Per adesso rimarrò in Cina, ma non escludo un rientro in Italia in un futuro prossimo. La pandemia mi ha fatto capire ancora meglio il concetto di ‘casa’ che io ho sempre un po’ volutamente ignorato. Per quanto io ami la Cina e per quanto possa essere amata dai cinesi, qua per la maggior parte di loro sarò sempre un ospite. E di questi tempi nemmeno troppo gradito”.

“Sono tornato essenzialmente per motivi lavorativi. A Pechino ricopro la posizione di direttore didattico presso una scuola di lingua italiana, ma anche perché mi mancava la vita in Cina”, ci racconta Dario, quarantunenne di Bari che ha trascorso molti anni in Cina tra Shanghai e Pechino.

“La mia permanenza forzata in Italia durante il lockdown è combaciata anche con la scadenza del visto che precedentemente già avevo. Di conseguenza, per poter rientrare ho dovuto richiedere alla mia azienda il rilascio di una lettera d’invito speciale la quale è stata vidimata da un ufficio governativo cinese. Essenzialmente è una lettera che dichiara la necessità di farmi rientrare in quanto profilo essenziale allo svolgimento del lavoro. Con questa lettera ho potuto richiedere il visto a Roma.

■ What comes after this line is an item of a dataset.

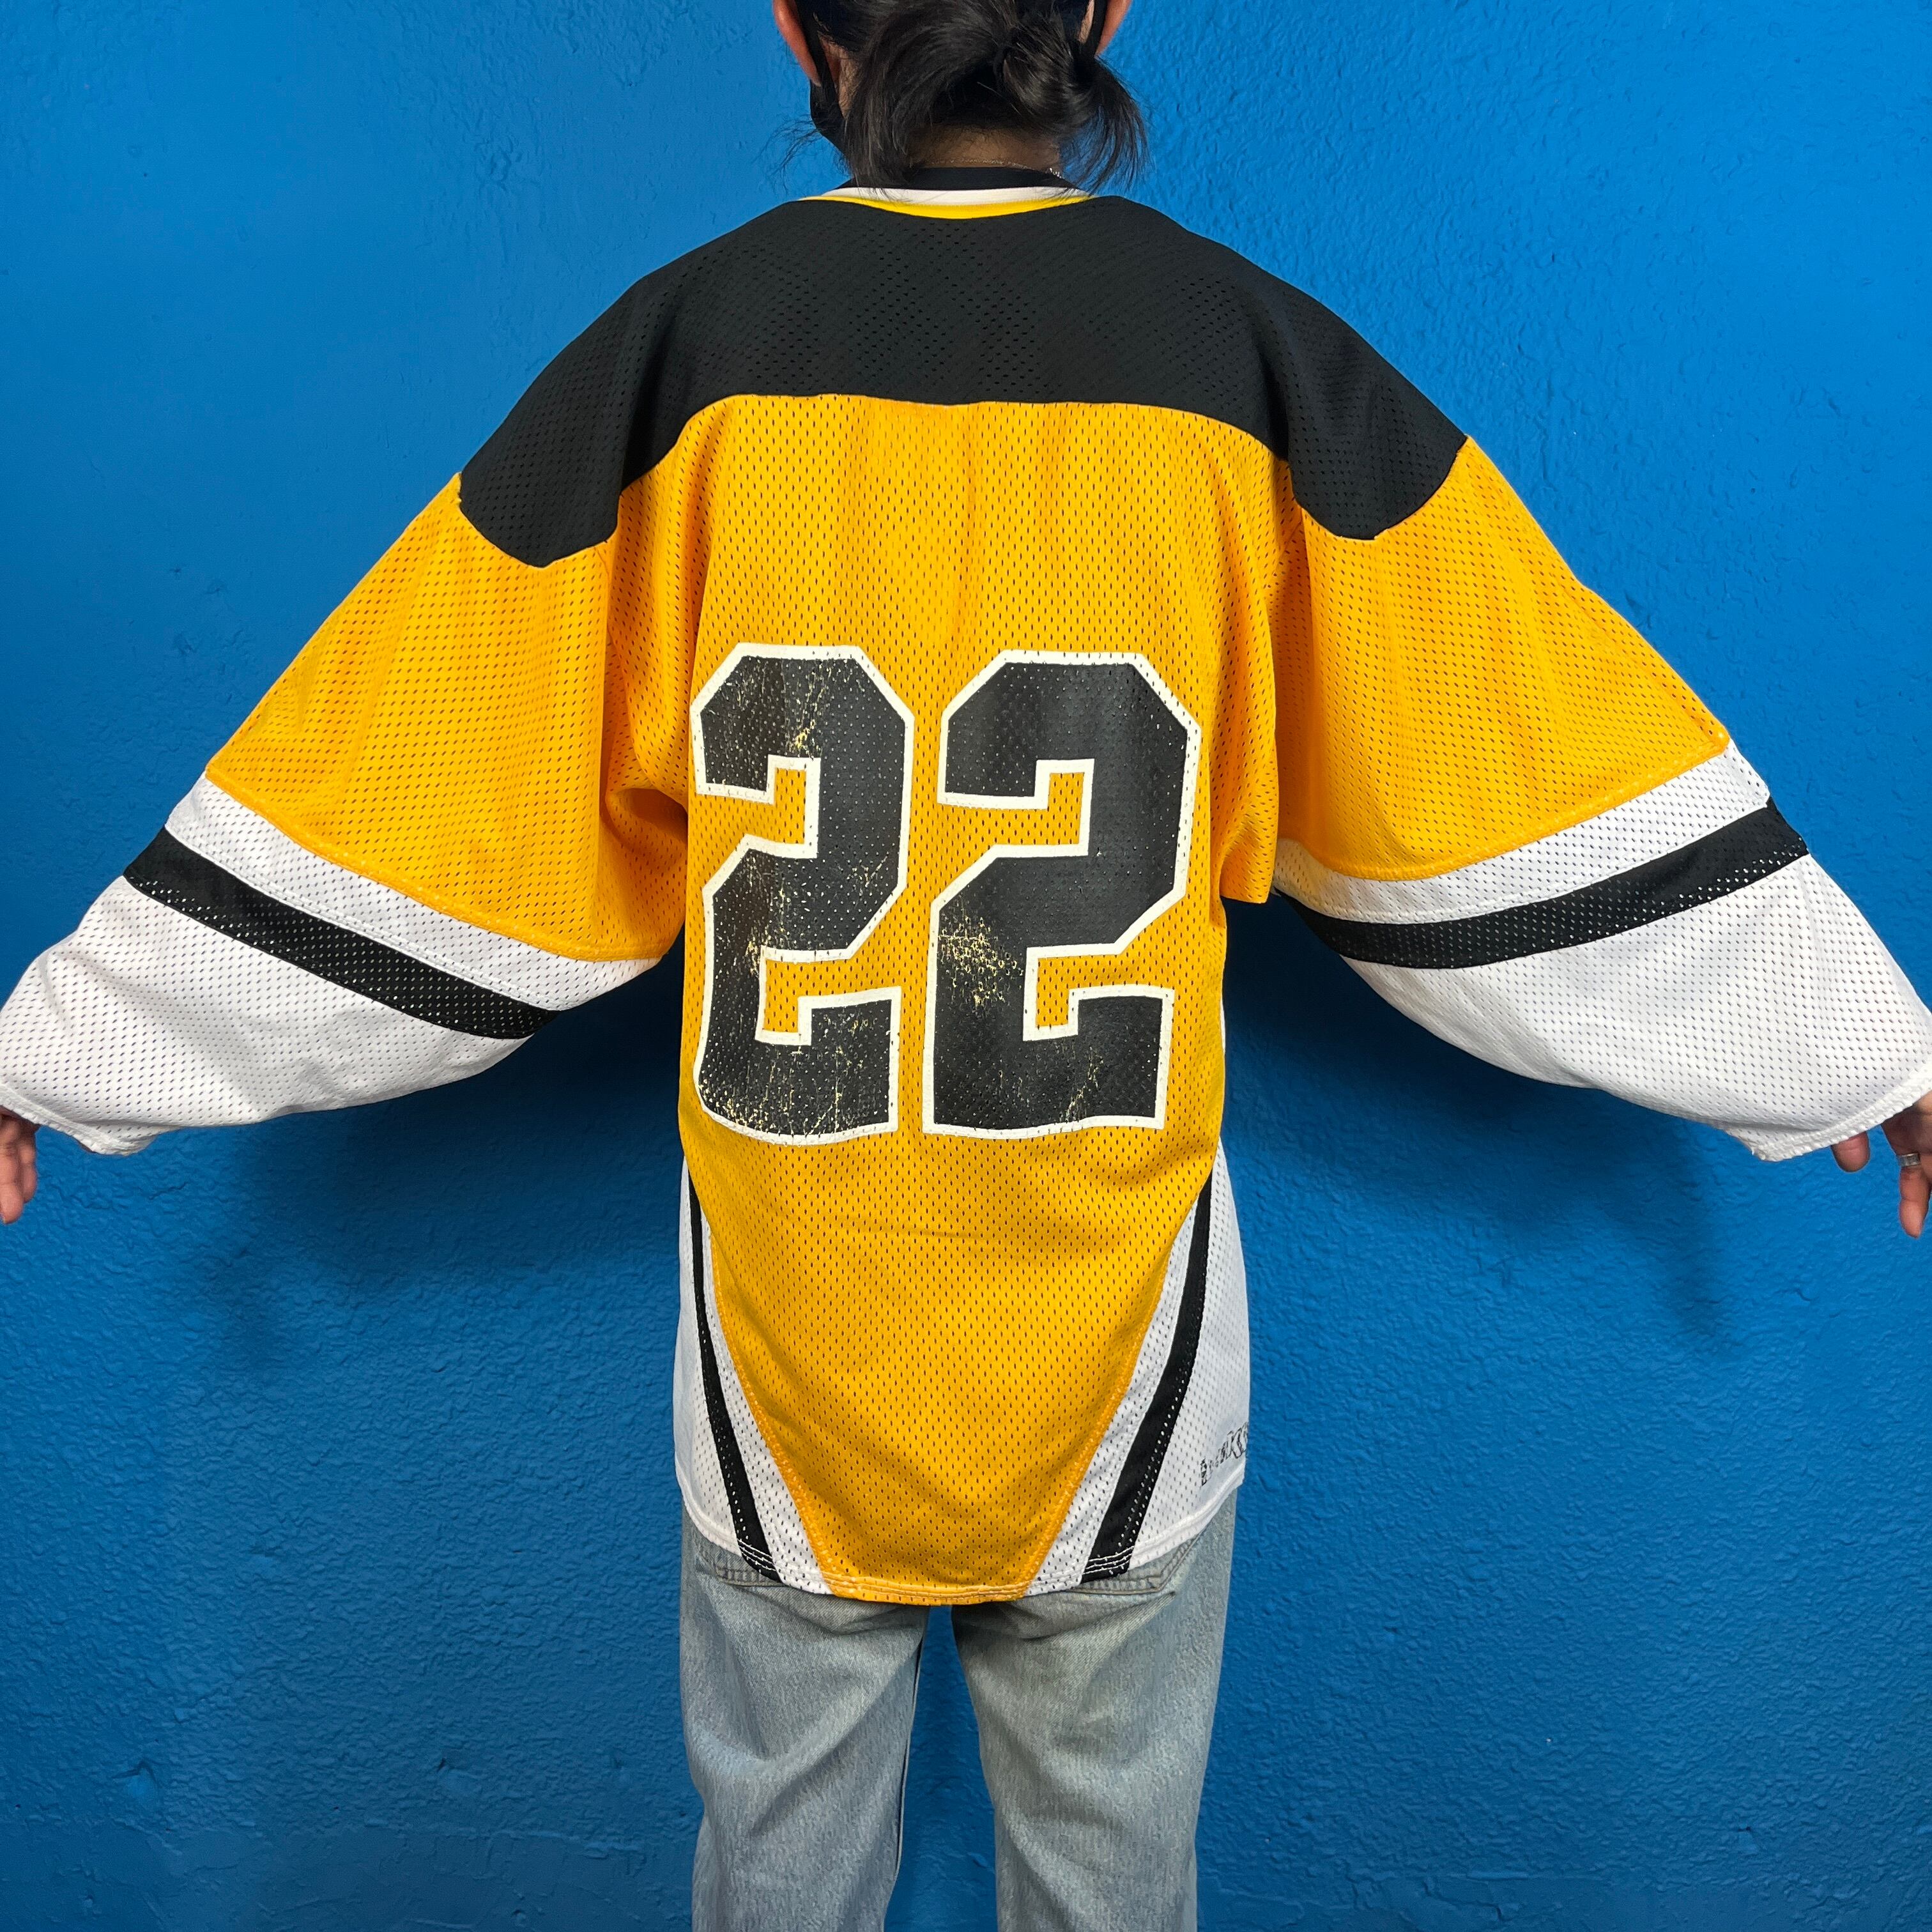 ビンテージゲームシャツ 90s ホッケーシャツ NHL 黄色 ブラウン えんじジャケット/アウター

Riguardo ai 14 giorni di quarantena, devo dire che mi aspettavo questo genere di organizzazione. Conoscendo bene il Paese, avevo previsto procedure molto ben strutturate e poco elastiche, ma considerata la situazione di emergenza, comprensibili. All’arrivo in aeroporto abbiamo dovuto svolgere diverse registrazioni e nuovo tampone per poi essere portati in una struttura alberghiera prefissata per svolgere le due settimane di quarantena. In fase di check-in in albergo avrei preferito chiedere stanza con vista, in quanto per 2 settimane non sarei riuscito a vedere l’esterno. Purtroppo, le rigide misure non prevedevano la possibilità di allontanarsi dalla camera, non erano previsti ricambi di lenzuola od asciugamani. Bisognava inviare la temperatura ai nostri referenti tre volte al giorno ed i 3 pasti giornalieri erano segnalati da un annuncio audio riprodotto in tutte le camere, questo devo dire abbastanza fastidioso. Il cibo era prettamente cinese con classici lunch box molto standard, devo dire che era quello che mi aspettavo. Purtroppo non si poteva ordinare cibo dall’esterno.

Sicuramente ho sofferto le dimensioni della stanza ed il fatto di non avere vista verso l’esterno. Ho cercato di tenermi impegnato in diverse cose in modo tale da impiegare il tempo in modo costruttivo senza pause riflessive troppo lunghe. Non mi sono mai pentito della mia scelta.

Per quanto riguarda i miei progetti futuri, penso di trascorrere ancora alcuni anni in Cina poi si vedrà, sicuramente le opportunità lavorative e la crescita professionale sono dinamiche ben note a chi vive qui”.